А что станет с моею Этелью, если у ней отнимут отца, если эшафот навсегда разлучит ее с ним, если новый позор отравит ее существование? Что станет с ней беспомощной, без поддержки, одинокой в тюрьме, или брошенной в неприязненный мир.
Эта мысль заставила Орденера решиться на самопожертвование; и он с радостью готовился к нему, потому что для любящего существа величайшее благо — посвятить жизнь — не говорю за жизнь — но за одну улыбку, за одну слезу любимого существа.
И вот он взят среди бунтовщиков, приведен к судьям, собравшимся произнести приговор над Шумахером; благородно наклеветал на себя, осужден, скоро будет жестоко и позорно казнен, оставит по себе позорную память; но все это нисколько не волнует этой благородной души. Он спас отца своей Этели.
В оковах брошен он теперь в сырую тюрьму, куда свет и воздух с трудом проникают чрез мрачные отдушины. Подле него последняя пища его жизни, черный хлеб и кружка воды. Железная цепь давит ему шею, руки и ноги изнемогают под тяжестью оков. Каждый протекший час уносит у него более жизни, чем у других целый год. Орденер погрузился в сладостную задумчивость.

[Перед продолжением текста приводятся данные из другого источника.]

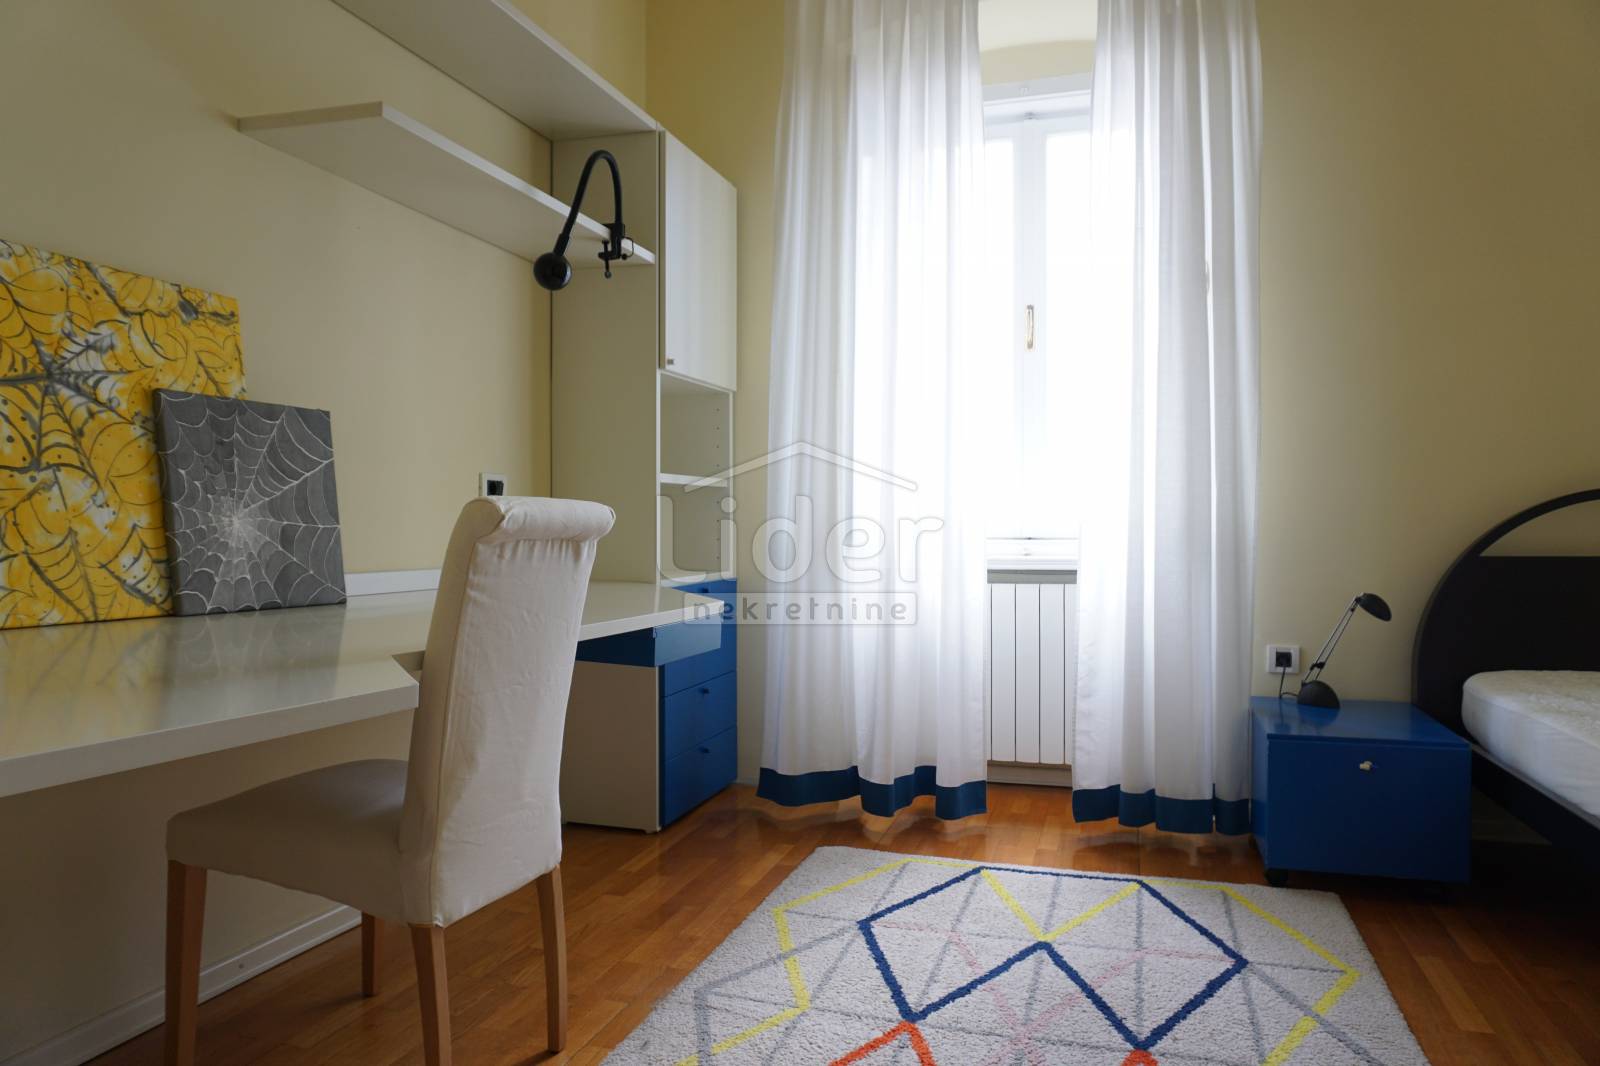 3 rooms, Apartment, 100m², 1 Floor

— Может быть, после смерти не все забудут меня, по крайней мере, хоть одно сердце останется верно моей памяти. Быть может, она прольет слезу за мою кровь, быть может, посвятит миг скорби тому, кто пожертвовал за нее жизнью. Быть может, в девственных сновидениях хоть изредка станет посещать ее смутный образ друга. Кто знает, что ждет нас за гробом? Кто знает, быть может, души, освободившись от телесной тюрьмы, могут иногда слетать и бодрствовать над любимым существом, могут иметь таинственное общение с земными узниками и приносить им невидимо какую-нибудь ангельскую добродетель или небесную благодать.
Однако и горькие мысли примешивались к его утешительным мечтам. Ненависть, которую Шумахер выказал к нему в ту именно минуту, когда он жертвовал собою, камнем давила его сердце. Раздирающий крик, который услышал он вместе со своим смертным приговором, потряс, его до глубины души: во всей аудитории он один узнал этот голос, понял это невыразимое отчаяние. Неужели он не увидит более свою Этель? Неужели в последние минуты жизни, проводимые с нею в одной тюрьме, он не почувствует еще раз пожатие ее нежной руки, не услышит сладостного голоса той, за которую готовился умереть?
Он погрузился в ту смутную, печальную задумчивость, которая для ума тоже, что сон для тела, как вдруг хриплый визг старых ржавых запоров поразил его слух, витавший в высших сферах, ждавших его.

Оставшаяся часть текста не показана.